As a college student near entering the world of pursuing a teaching career I hear a lot of talk around campus of students questioning if everything they are doing is worth it all in the end. They ask themselves if teaching is really for them. Personally I never thought twice about pursuing a teaching career. The passion and personal motivation of the things I believe I can accomplish in the classroom and the world of difference you can make is more then enough to keep me moving forward. I cant help but to hear what others in my classes are discussing. From having to pass the PRE (professional readiness exam) , meeting all the requirements to enter the teaching program, and even after all of this still having to take MTTC tests covering your major and minors.

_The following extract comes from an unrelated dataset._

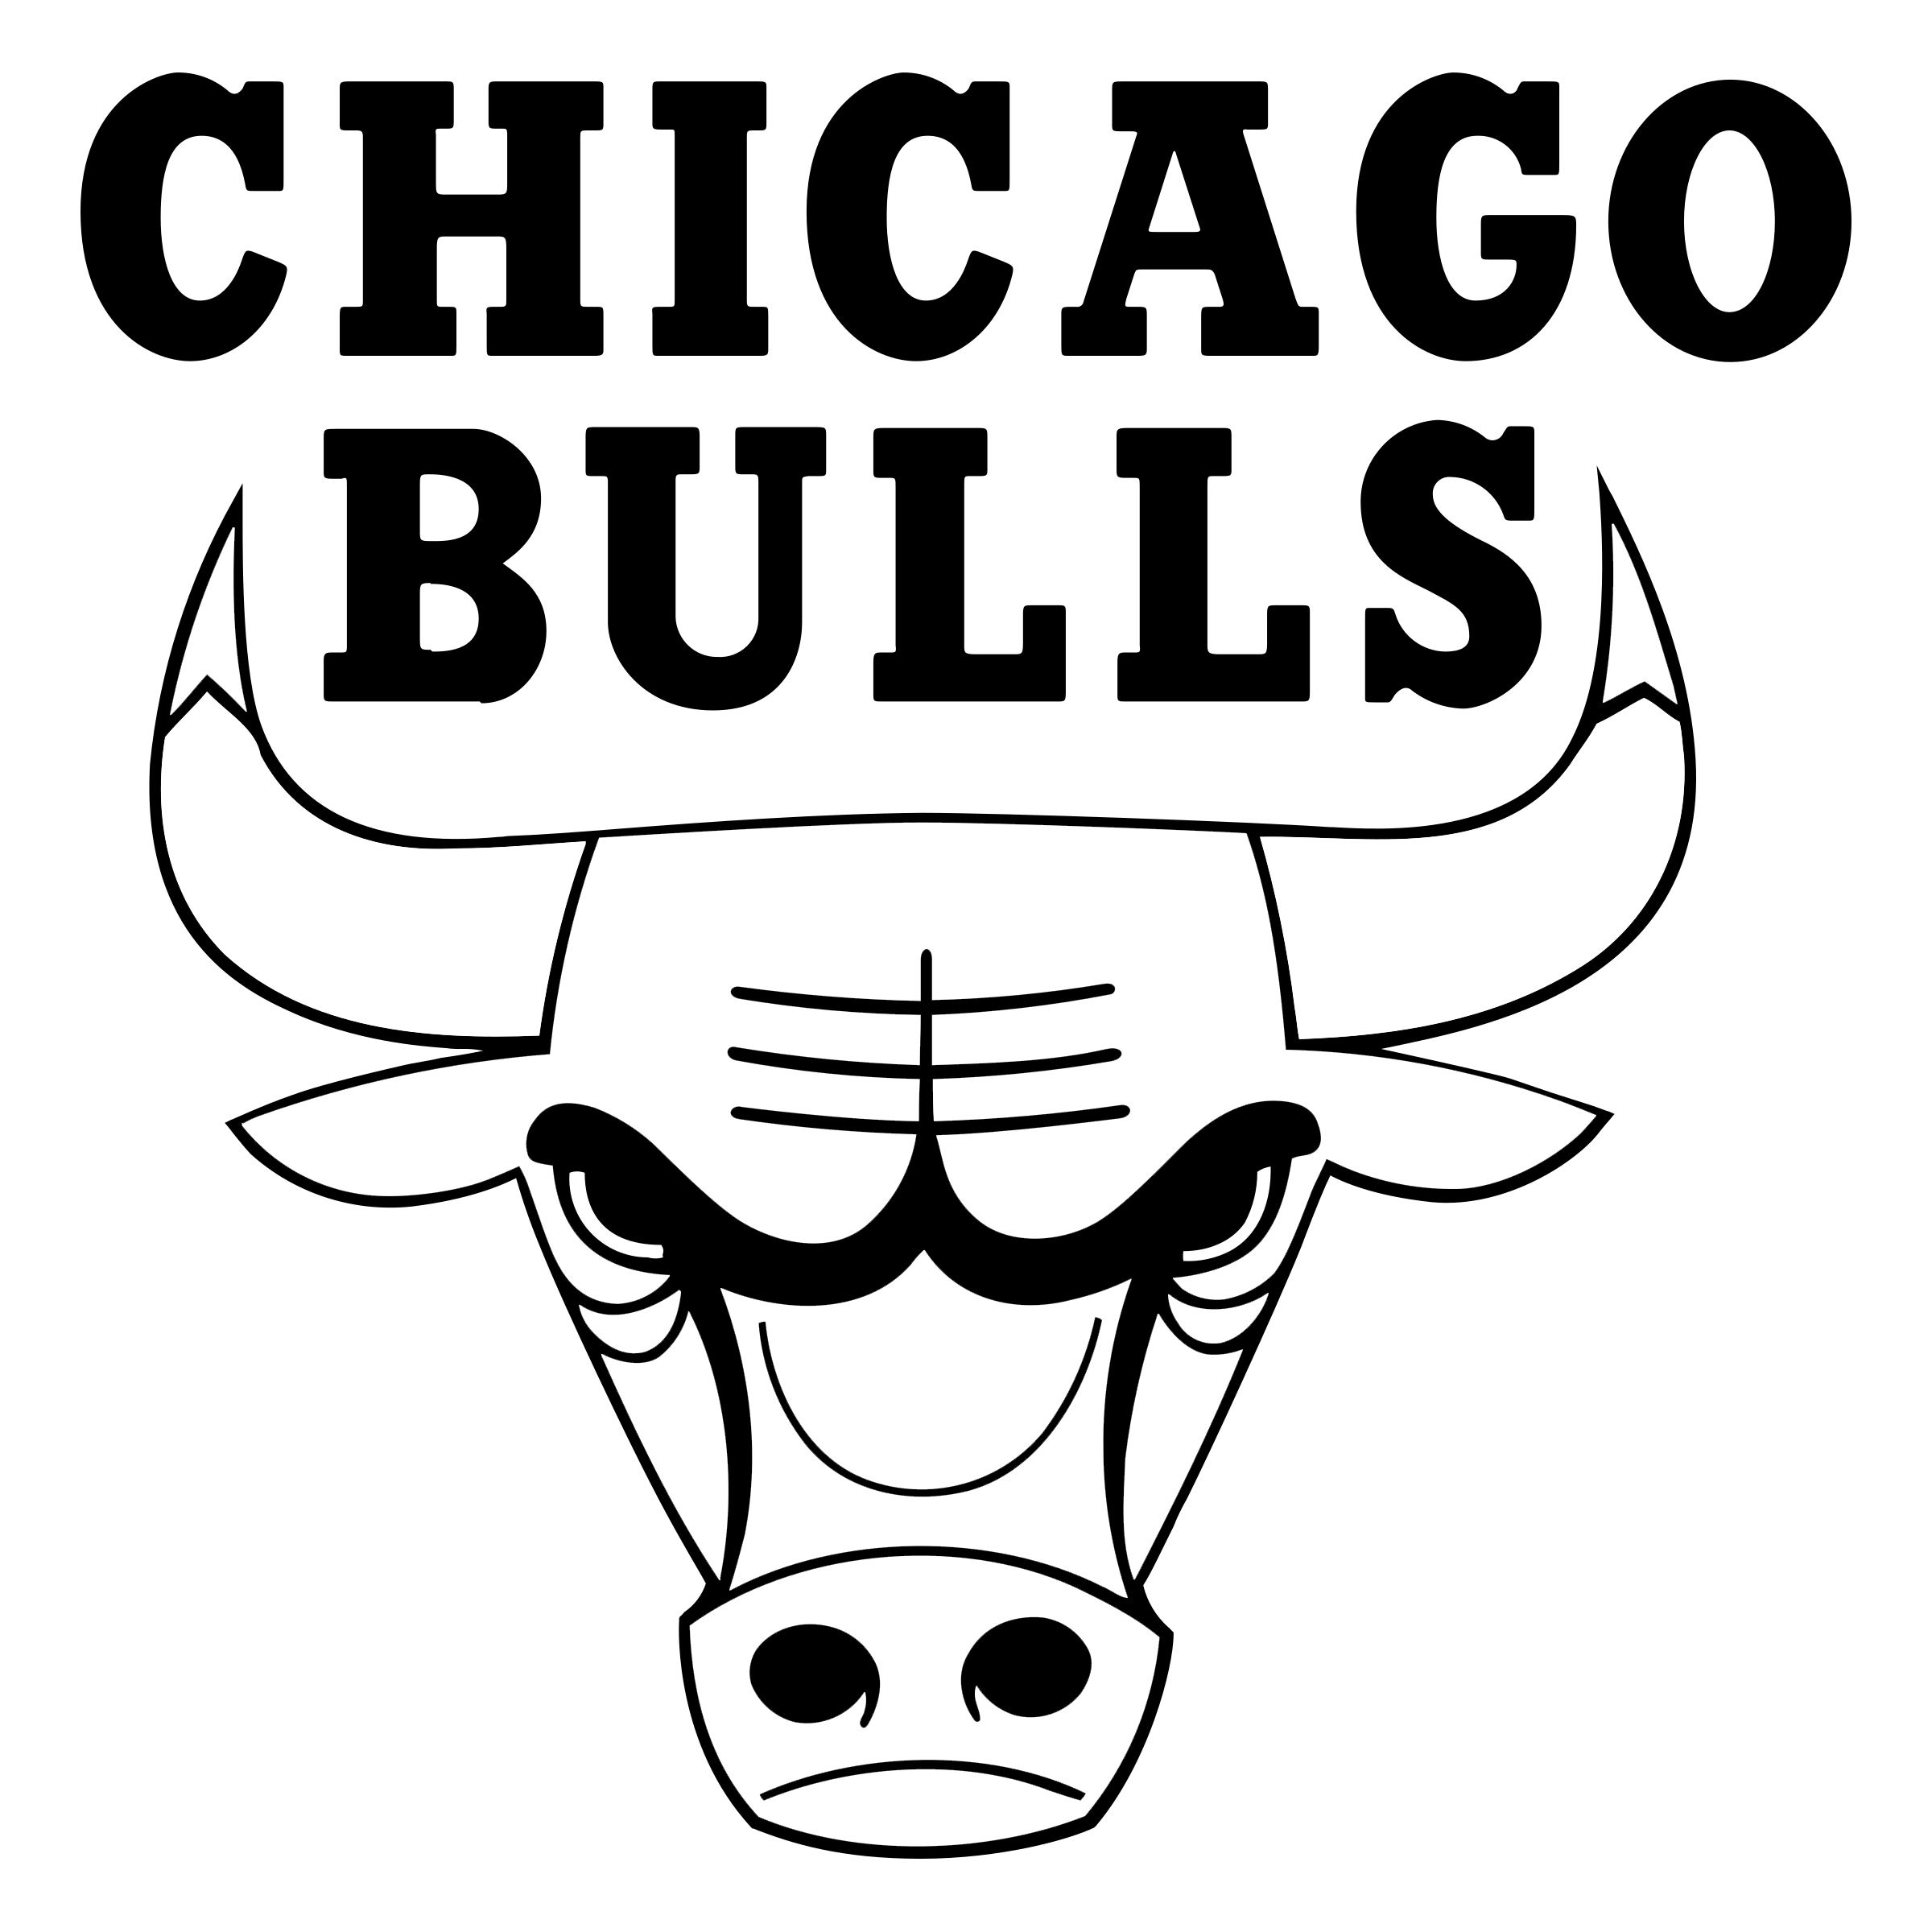 2400x2400 Chicago Bulls Logo Png Transparent Amp Svg Vector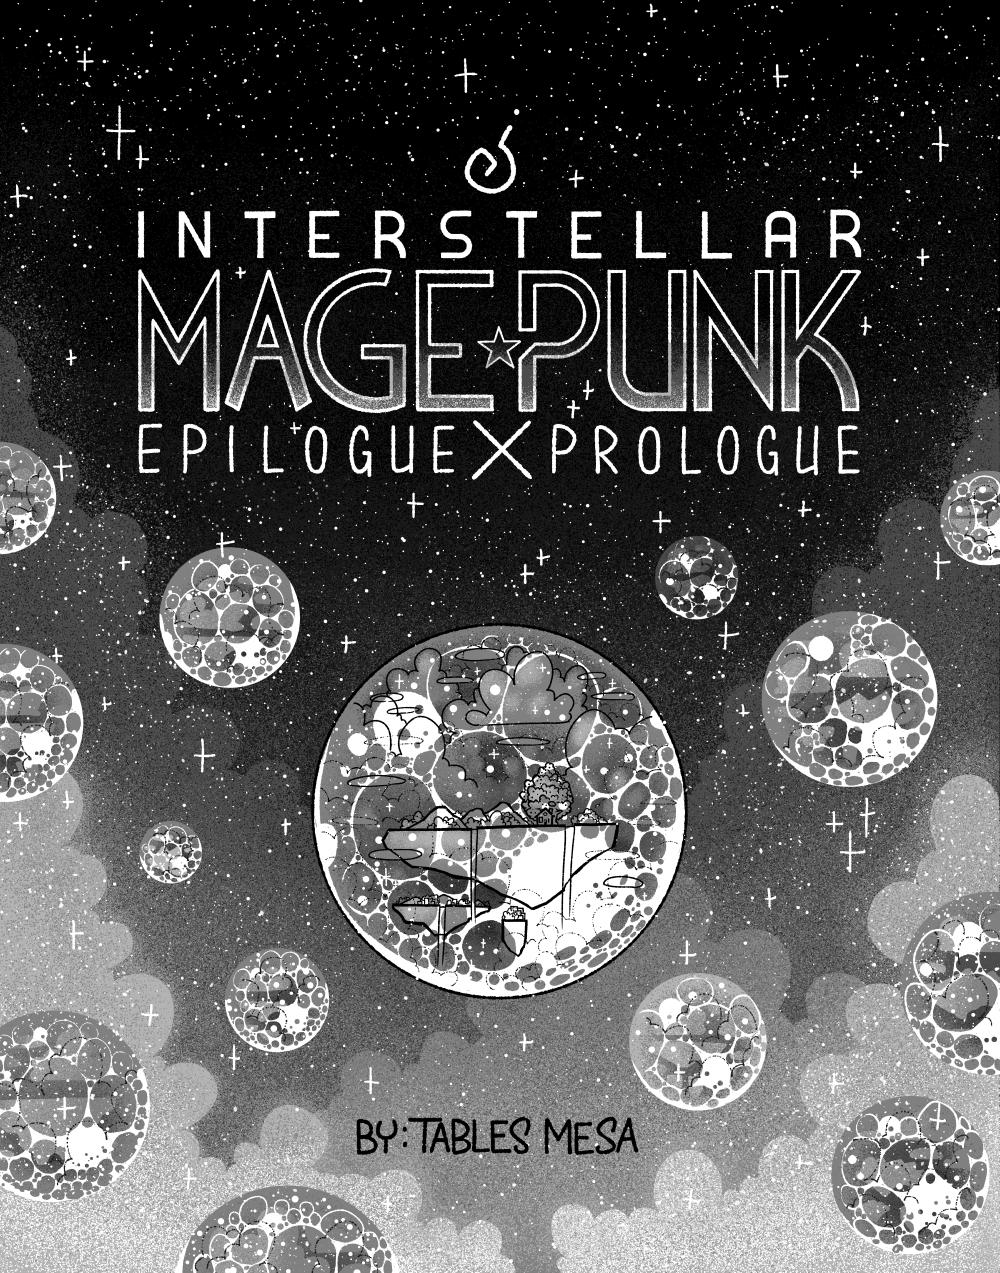 Interstellar Mage Punk: Epilogue X Prologue – Cover

The biggest headache of all is this PRE. Many students stopped pursuing education as their major because of this test alone. Does this mean we could be losing great teachers to this exam and if so, cant we all agree that this should be fixed sooner than later? I hear things from students focusing on the elementary level saying how they cant pass the math portion full of calculus and other maths they may have never been taught or have not seen since high school. What if test taking is a challenge to these students? I struggled with this exam but stayed motivated enough and finally passed it. I also had these thoughts I hear from other students currently finding themselves where I once found myself. Thinking that this test does not score you upon character, dedication, classroom management, lesson planning and many other things that create a teacher.

Referencing back to the question if teaching is for me, are individuals saying this because of a personal feeling that they feel stronger pursuing another career or do they ask this in fear they cant pass the state tests and/or meet the high requirements it takes to get into their universities teaching program. Will this cause a teacher shortage in the future? I have already read articles talking about teacher shortages happening in certain areas of the country.

As coming up with a solution, I believe there should be more then just testing to get through or into a teaching program. Mock interviews, live lessons in classrooms and collaboration with peers should be on the list of finding tomorrows teachers. These are just a few ideas but the point I am getting at is we could be losing amazing teachers that are very strong in areas other than testing. If there are other ideas out there or opinions about pursuing teaching today please comment below and share!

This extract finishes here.